Use any convergence test from this section or the previous section to determine whether the series in Exercises 31–48 converge or diverge. Explain how the series meets the hypotheses of the test you select.

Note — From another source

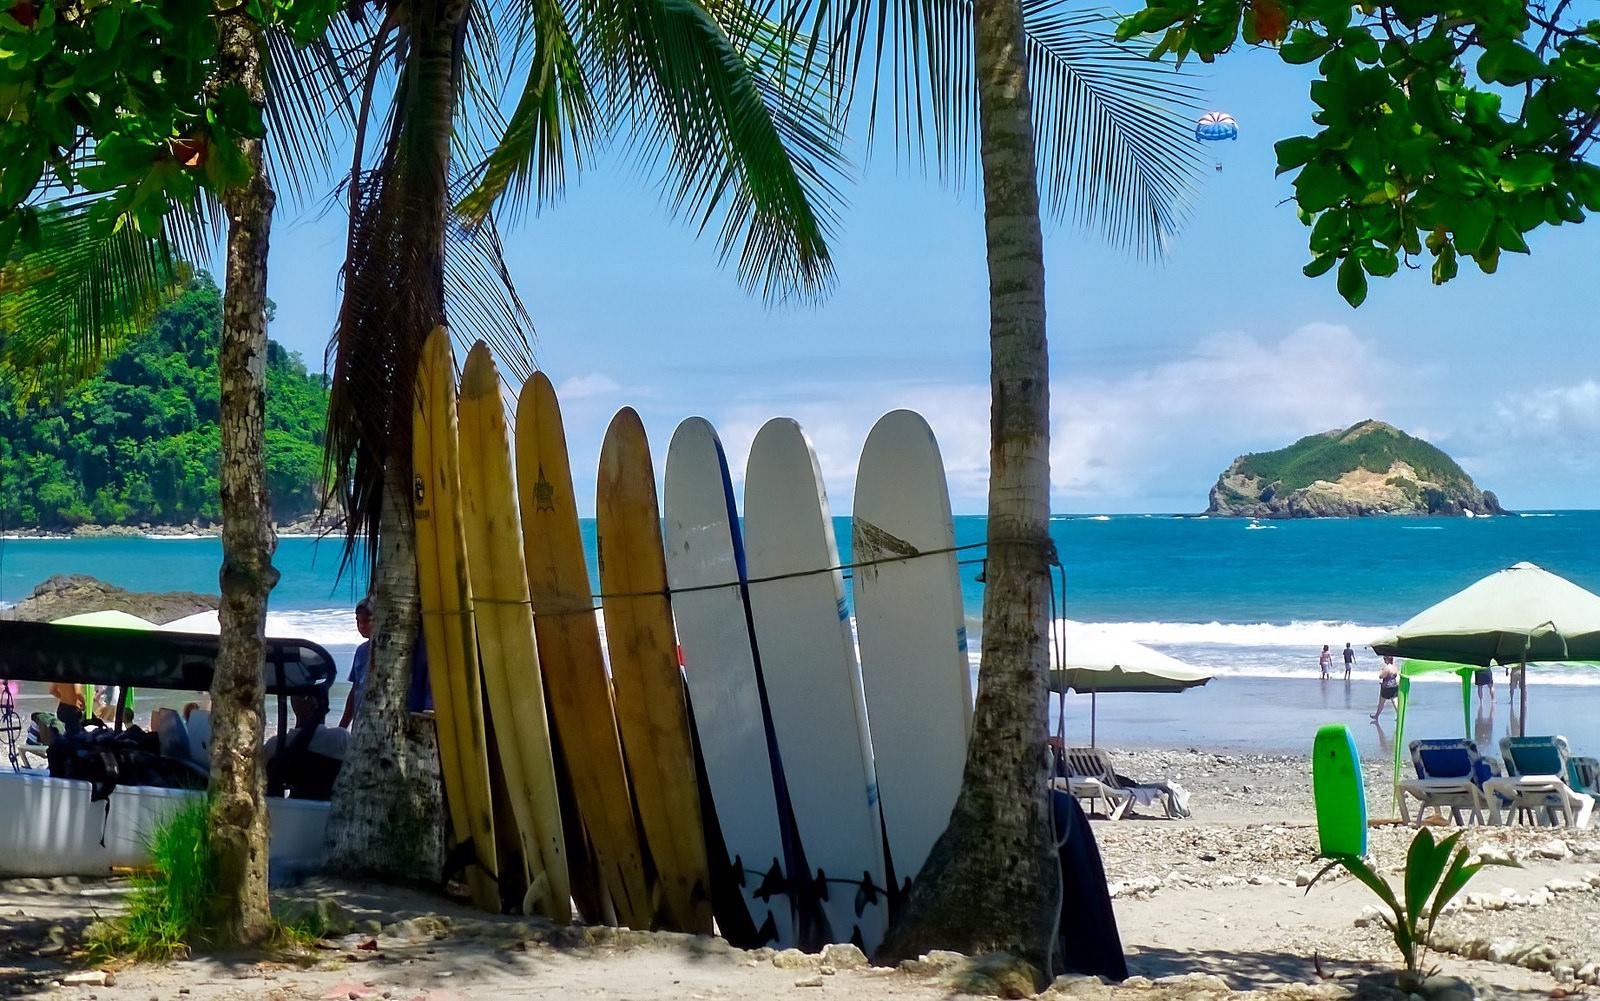 Playa Maracas, Quepos | © F Delventhal / Flickr
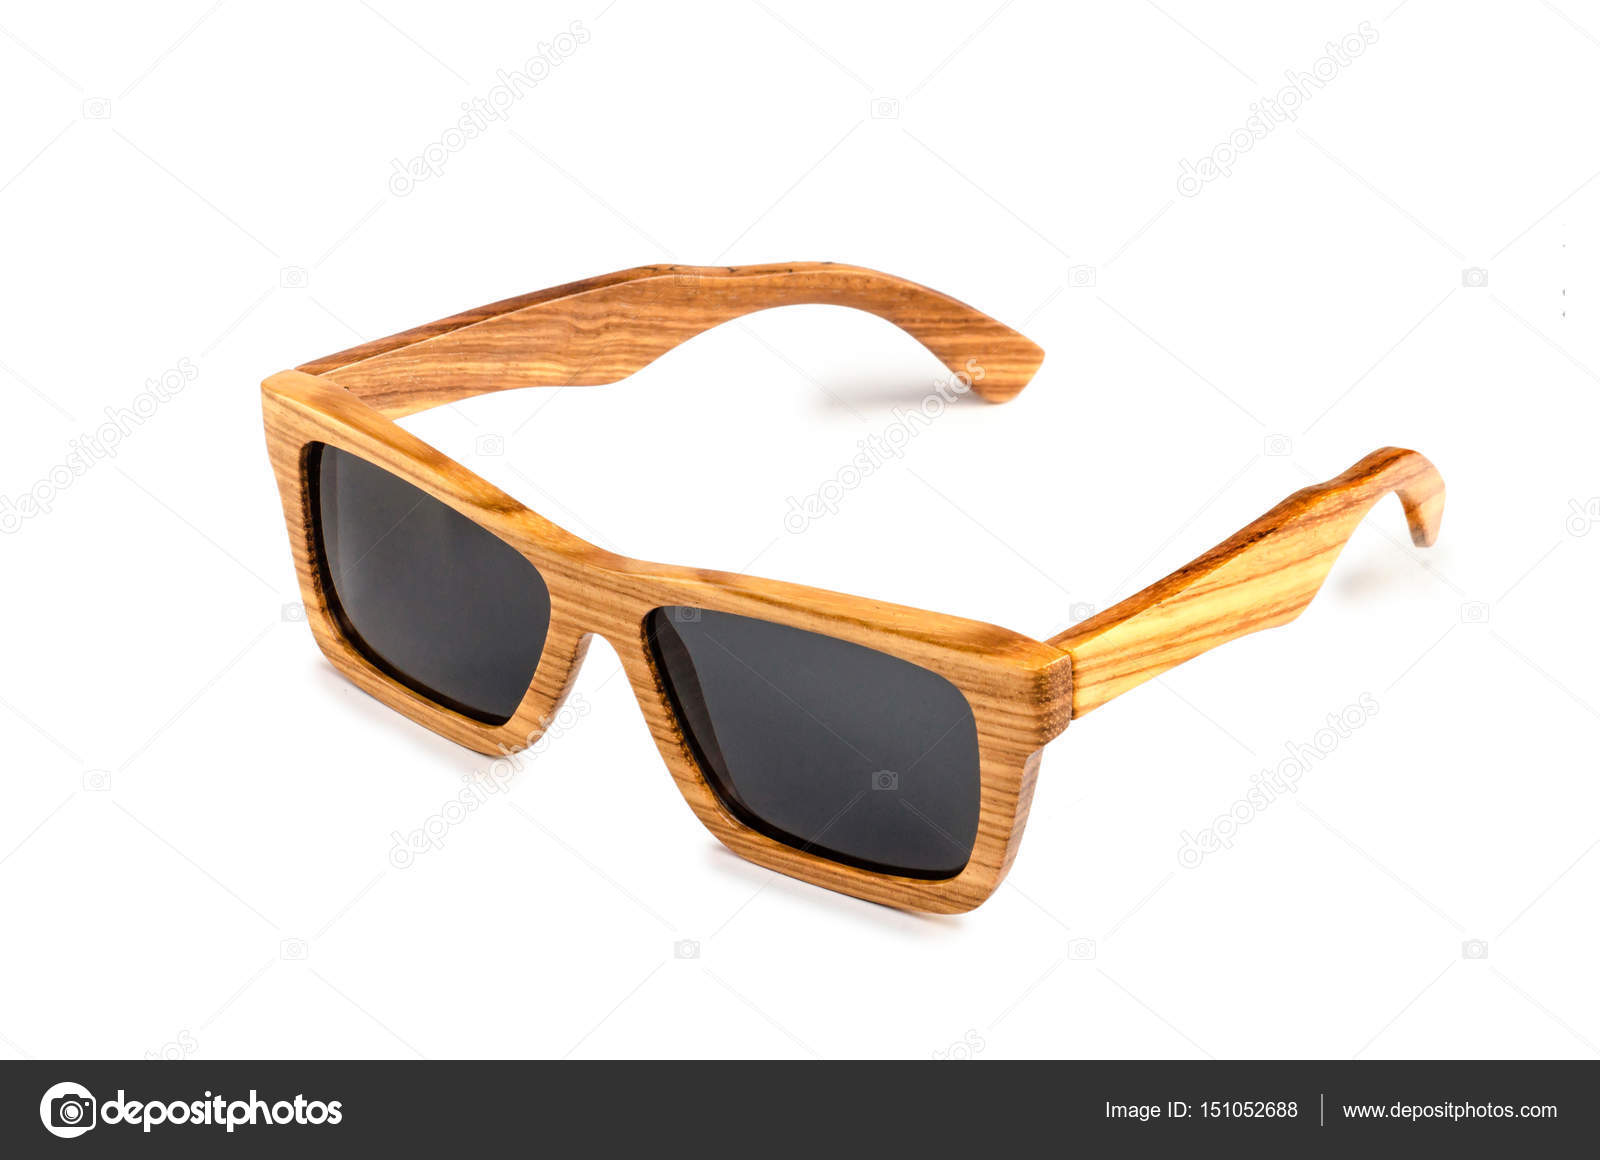 a65ce8850cc37 Óculos de sol de bambu — Stock Photo © Dudaeva  151052688

$\sum _{k=1}^{\infty }\frac{\sqrt{k}}{k^2+3}$

Short answer

The series $\sum _{k=1}^{\infty }\frac{\sqrt{k}}{k^2+3}$is convergent.

Step-by-step solution

Step 1. Given information.

The given series is the following.

$\sum _{k=1}^{\infty }{a}_k=\sum _{k=1}^{\infty }\frac{\sqrt{k}}{k^2+3}$

Step 2. The Limit Comparison Test. 

Consider a series $\sum _{k=1}^{\infty }{b}_k=\sum _{k=1}^{\infty }\frac{1}{k^{{\displaystyle \frac{3}{2}}}}$by taking the dominant term of numerator and denominator of $\sum _{k=1}^{\infty }\frac{\sqrt{k}}{k^2+3}.$

Find the value of $\underset{k\to \infty }{\lim }\frac{a_k}{b_k}.$

$$\begin{gathered} \underset{k\to \infty }{\lim }\frac{a_k}{b_k}=\underset{k\to \infty }{\lim }\frac{\frac{\sqrt{k}}{k^2+3}}{{\displaystyle \frac{{\displaystyle 1}}{{\displaystyle k^{\frac{3}{2}}}}}} \\ \underset{k\to \infty }{\lim }\frac{a_k}{b_k}=\underset{k\to \infty }{\lim }\frac{k^{\frac{1}{2}}{k}^{\frac{3}{2}}}{{\displaystyle k^2+3}} \\ \underset{k\to \infty }{\lim }\frac{a_k}{b_k}=\underset{k\to \infty }{\lim }\frac{k^2}{{\displaystyle k^2+3}} \\ \underset{k\to \infty }{\lim }\frac{a_k}{b_k}=\frac{1}{1+{\displaystyle \frac{3}{k^2}}} \\ \underset{k\to \infty }{\lim }\frac{a_k}{b_k}=1 \end{gathered}$$

Since $\sum _{k=1}^{\infty }{b}_k=\sum _{k=1}^{\infty }\frac{1}{k^{{\displaystyle \frac{3}{2}}}}$is convergent by the p-series test so $\sum _{k=1}^{\infty }{a}_k=\sum _{k=1}^{\infty }\frac{\sqrt{k}}{k^2+3}$is also convergent.